TASK STATEMENT
For this exercise, retype the lines from the one that holds "6 for the price" through the one that holds "A profusion of" in the records below, both included, exactly and without pictures.

TASK INPUT

□ □ □ □

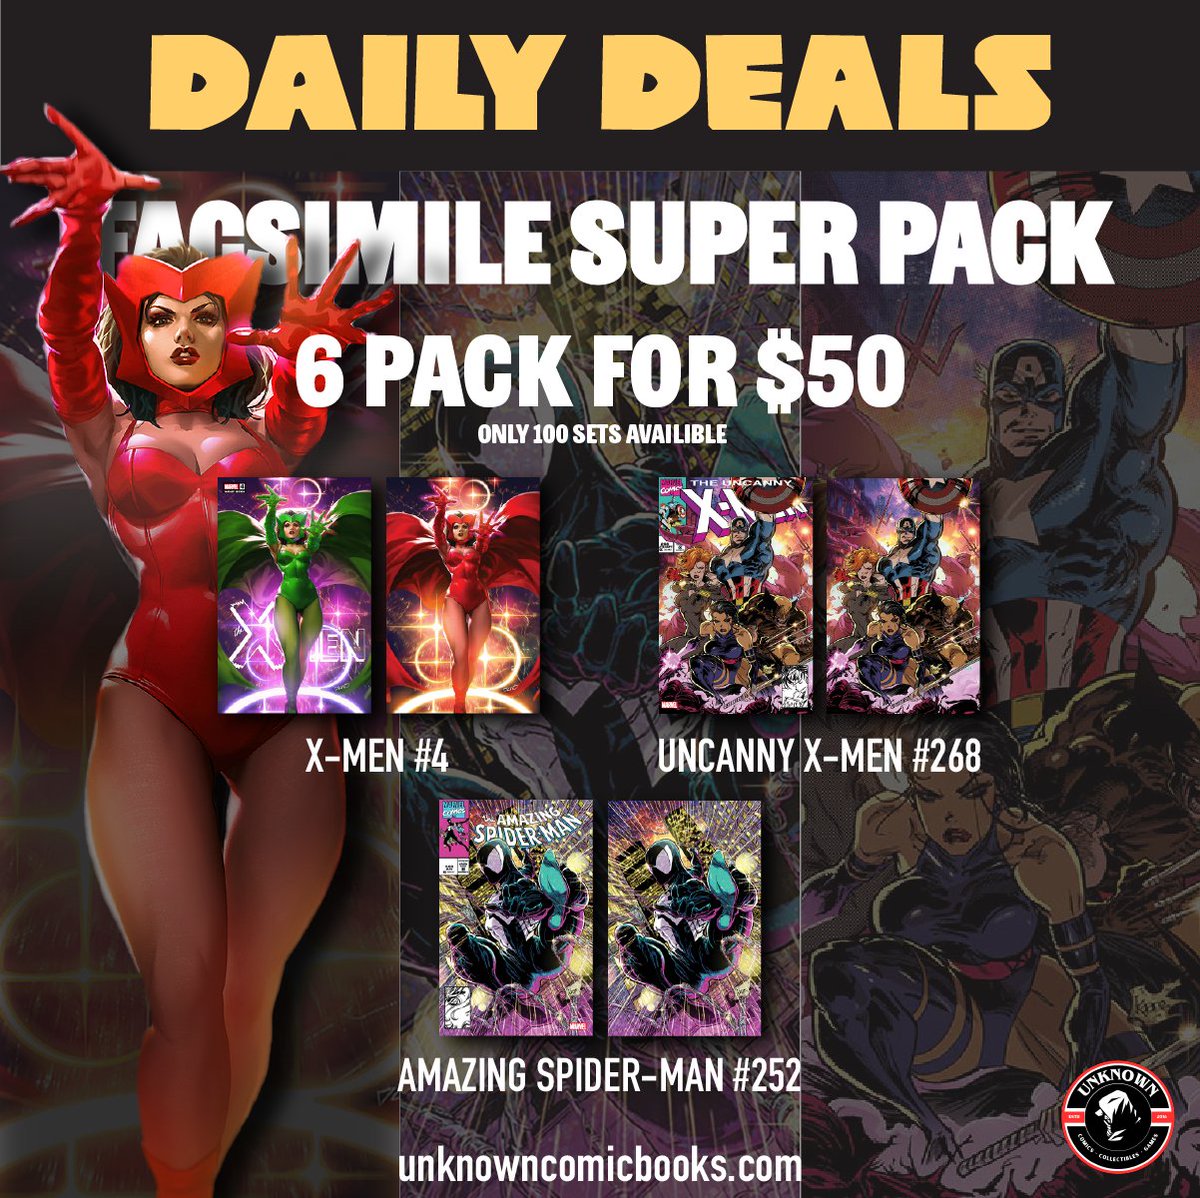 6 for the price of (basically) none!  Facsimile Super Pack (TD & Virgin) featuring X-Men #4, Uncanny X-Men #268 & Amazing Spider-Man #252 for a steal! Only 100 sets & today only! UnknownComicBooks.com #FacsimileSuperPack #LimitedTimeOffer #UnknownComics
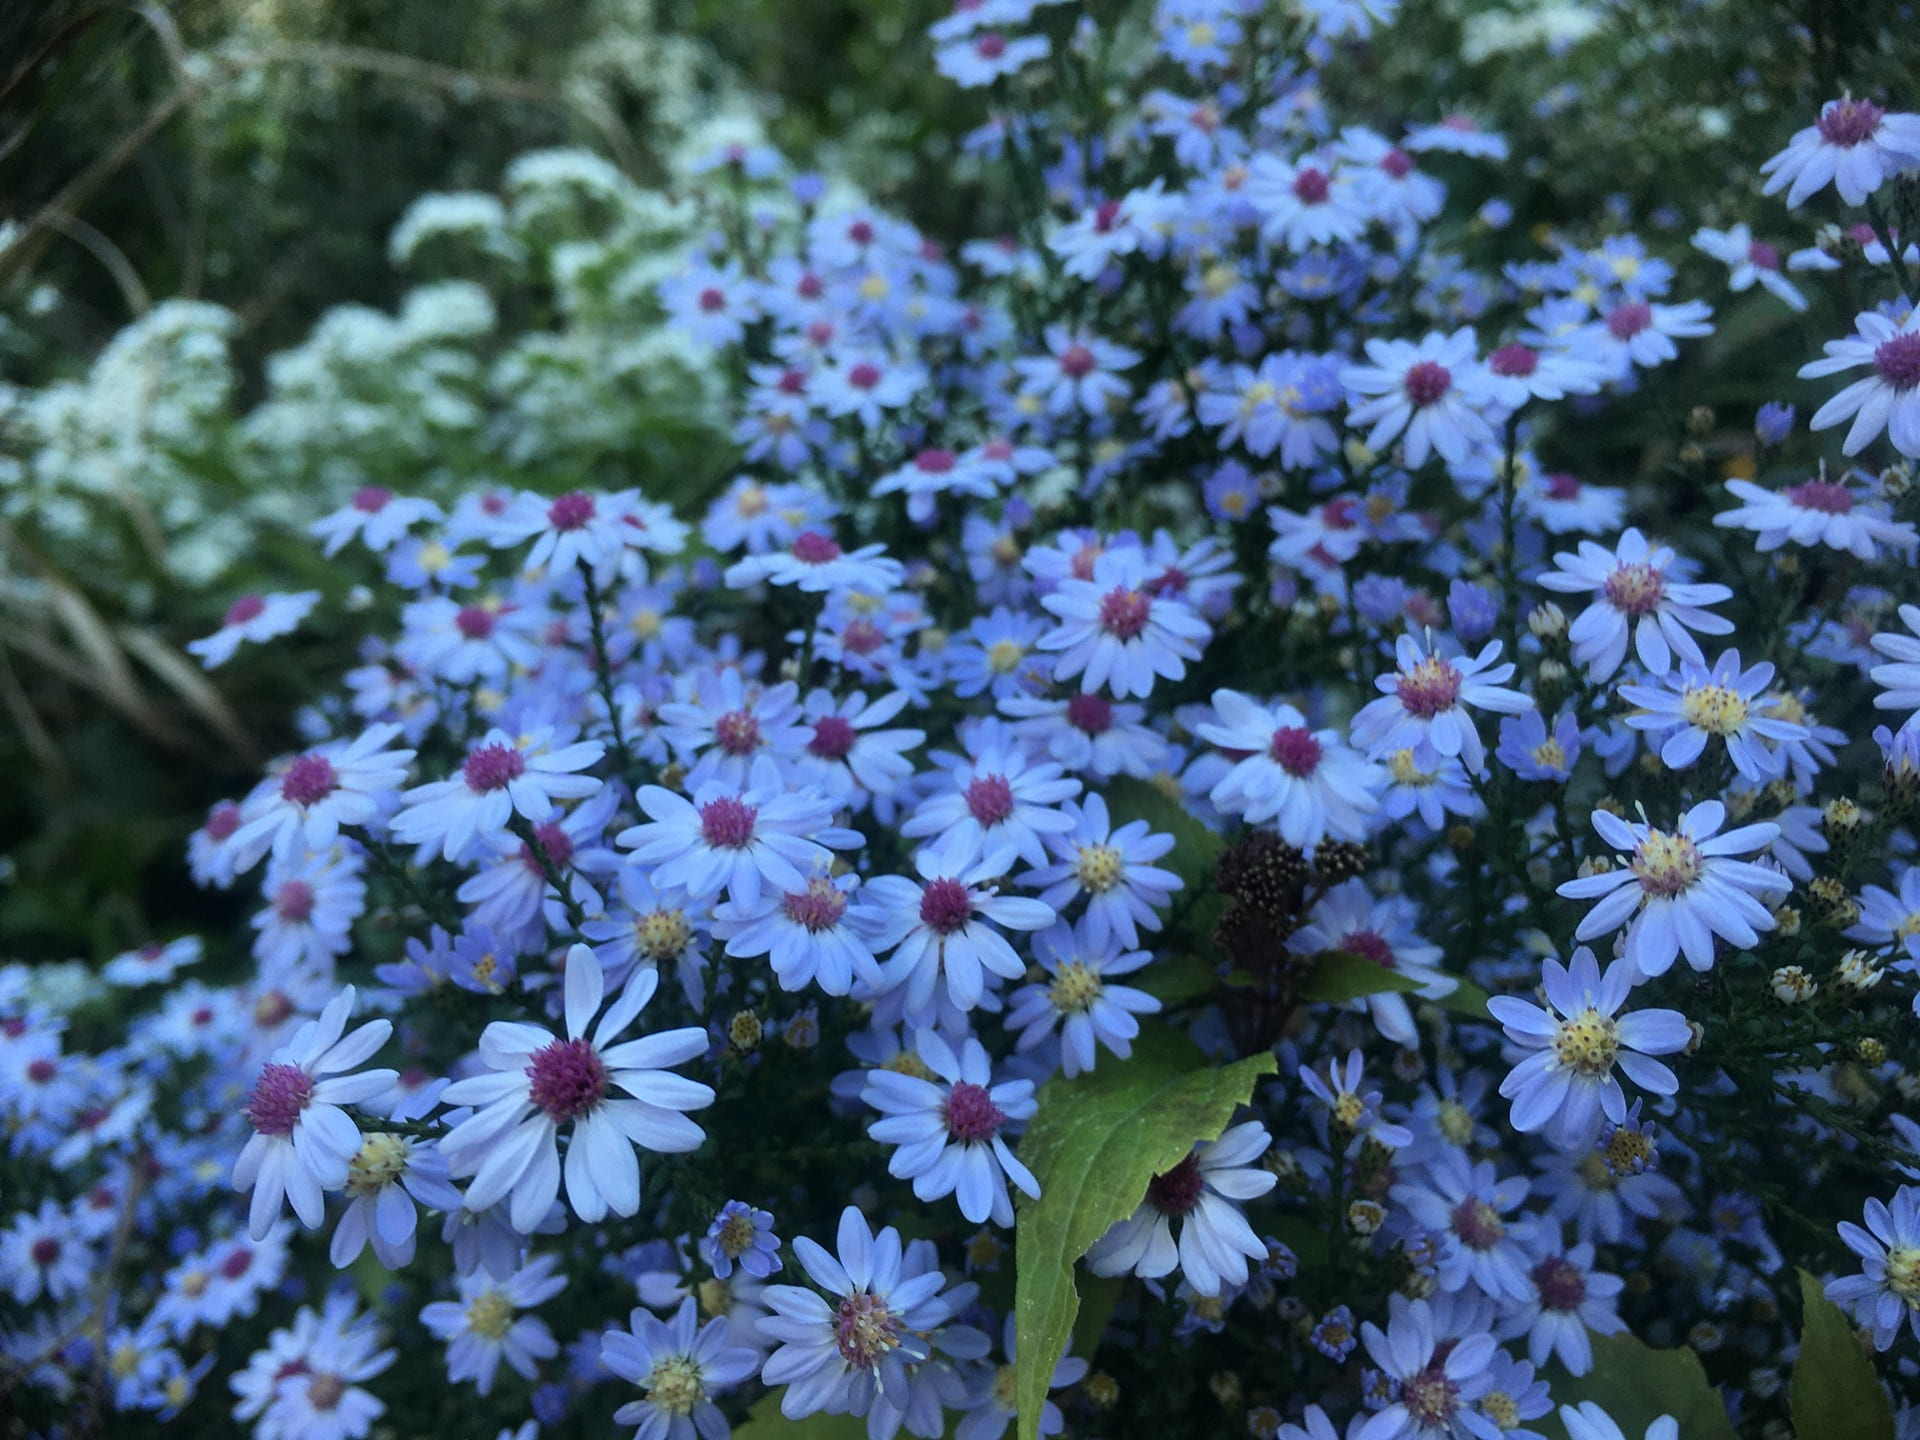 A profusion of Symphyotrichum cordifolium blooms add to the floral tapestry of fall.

□ □ □ □

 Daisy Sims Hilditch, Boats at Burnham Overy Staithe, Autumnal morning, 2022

□ □ □ □

ANSWER BOX
 6 for the price of (basically) none!  Facsimile Super Pack (TD & Virgin) featuring X-Men #4, Uncanny X-Men #268 & Amazing Spider-Man #252 for a steal! Only 100 sets & today only! UnknownComicBooks.com #FacsimileSuperPack #LimitedTimeOffer #UnknownComics
 A profusion of Symphyotrichum cordifolium blooms add to the floral tapestry of fall.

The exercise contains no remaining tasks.